▶ **THE DATA**
⟨
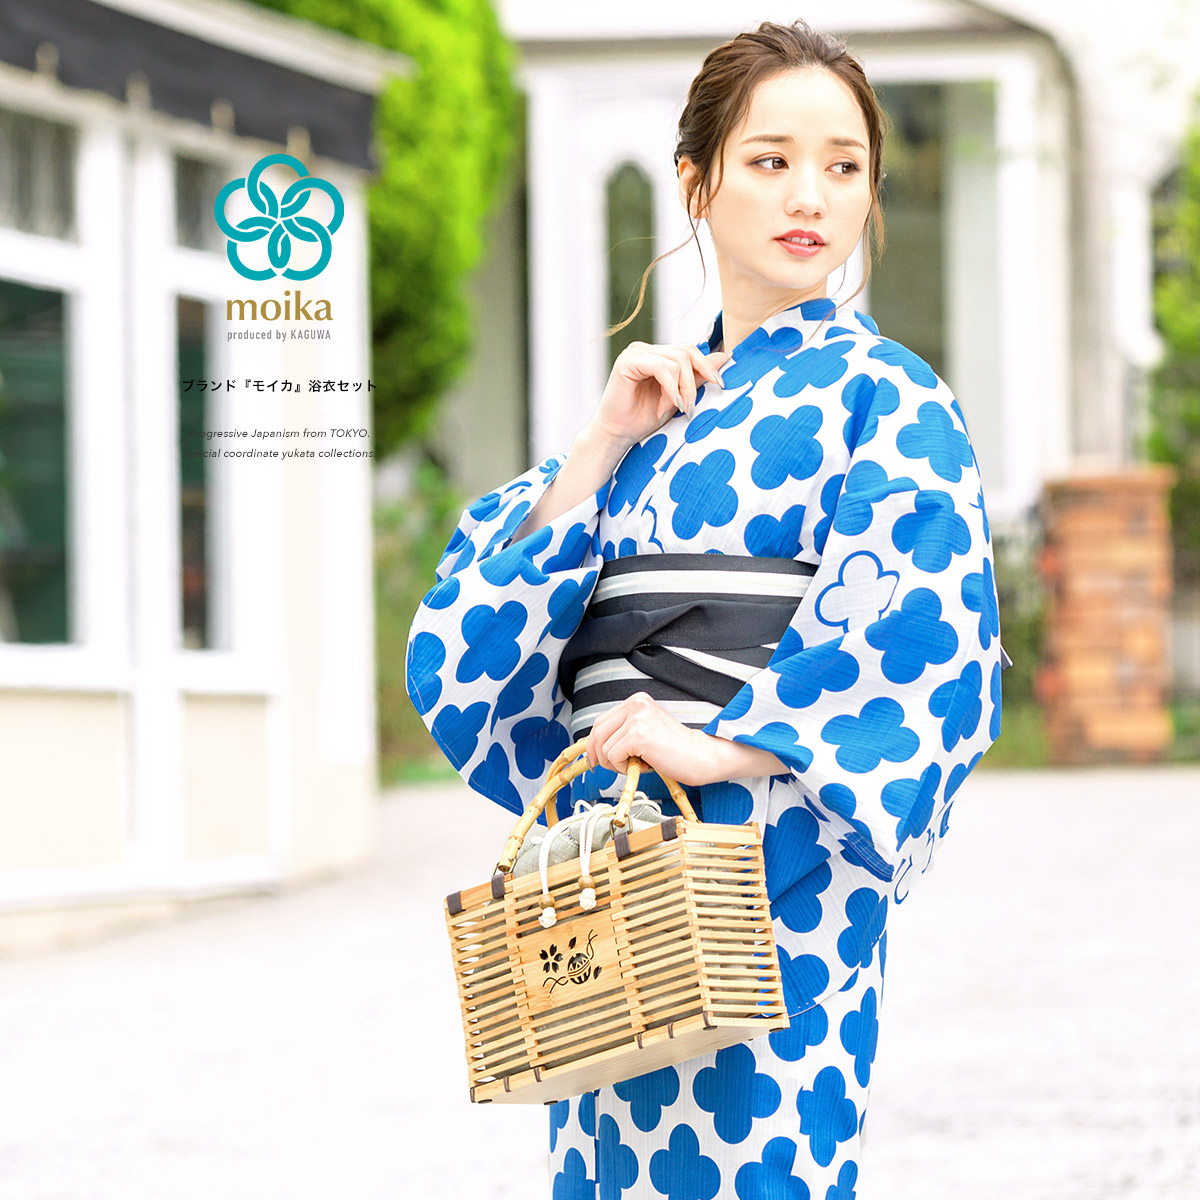 moika 浴衣 セット レディース 浴衣セット Mサイズ レトロ 青 ブルー 四つ葉 小紋 衿芯付き 女性用 仕立て上がり
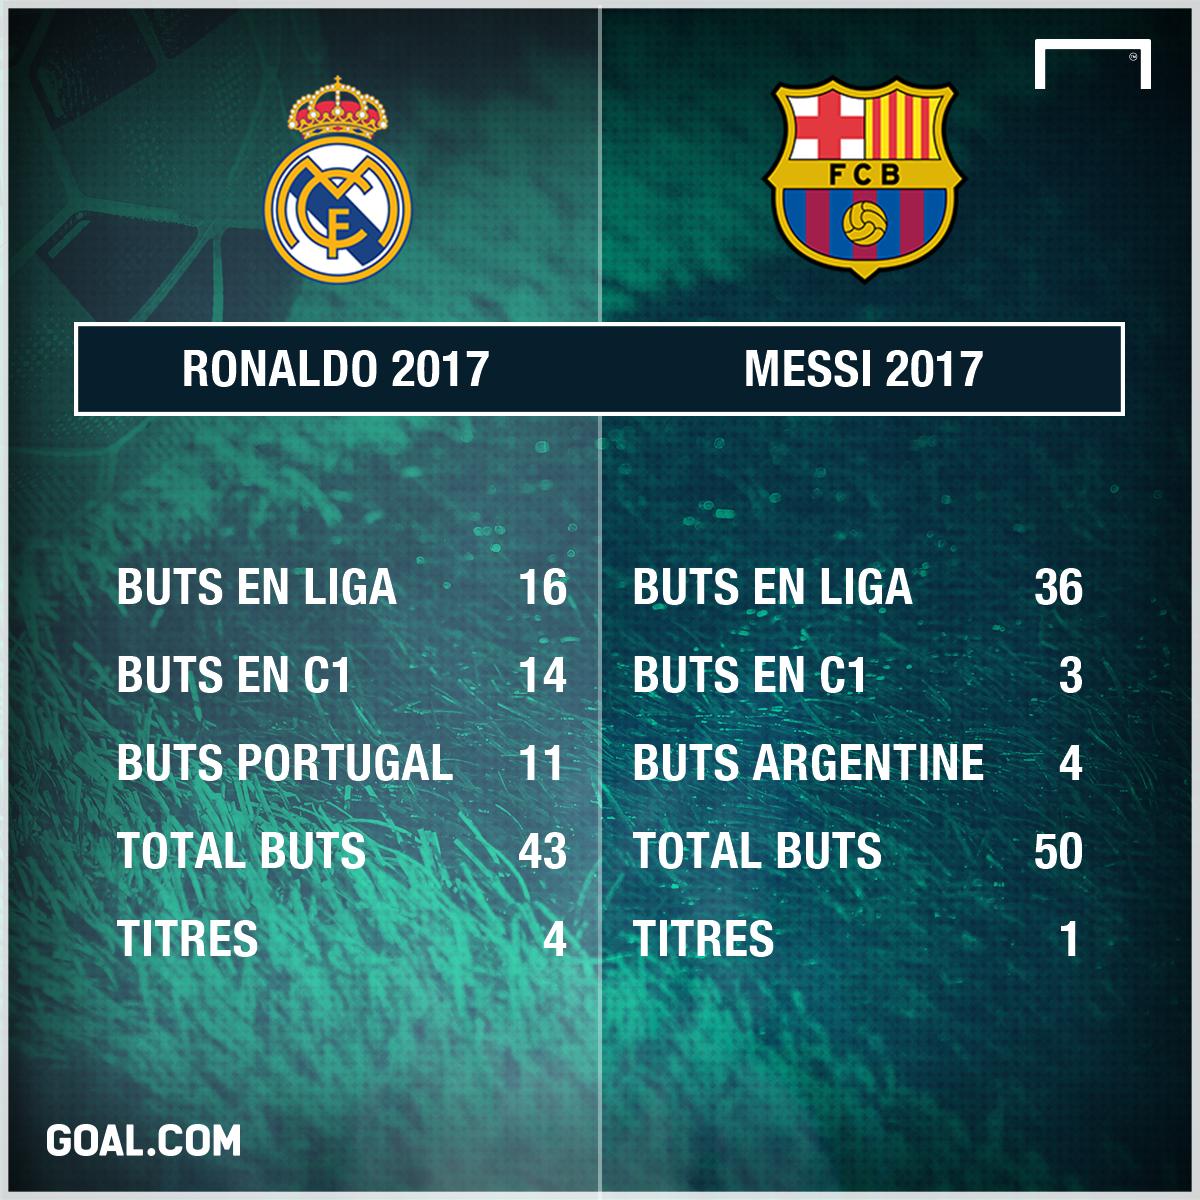 Ballon d'Or - Messi peut-il vraiment coiffer Ronaldo ?
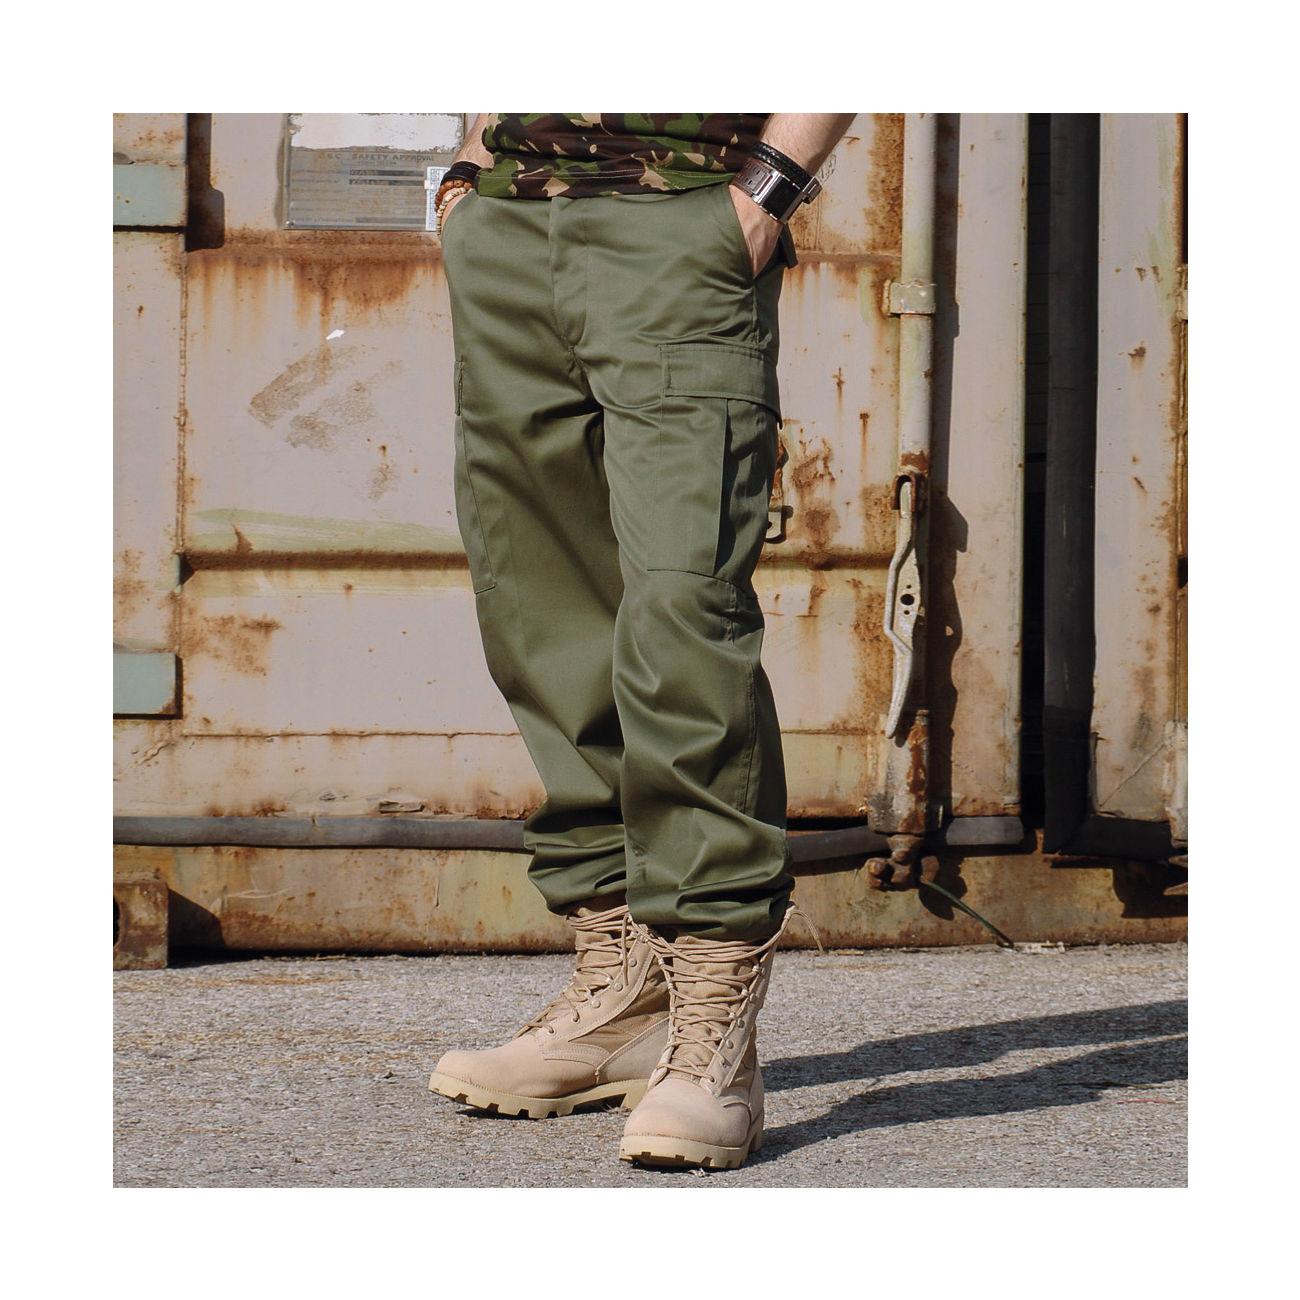 cac79827453b5e Mil-Tec Hose US Ranger Typ BDU oliv günstig kaufen - Kotte   Zeller
⟩
▶ **EXERCISE INSTRUCTIONS**
Please repeat everything in the data above except the pictures, exactly as it reads.

▶ **ANSWER BOX**
 moika 浴衣 セット レディース 浴衣セット Mサイズ レトロ 青 ブルー 四つ葉 小紋 衿芯付き 女性用 仕立て上がり
 Ballon d'Or - Messi peut-il vraiment coiffer Ronaldo ?
 cac79827453b5e Mil-Tec Hose US Ranger Typ BDU oliv günstig kaufen - Kotte   Zeller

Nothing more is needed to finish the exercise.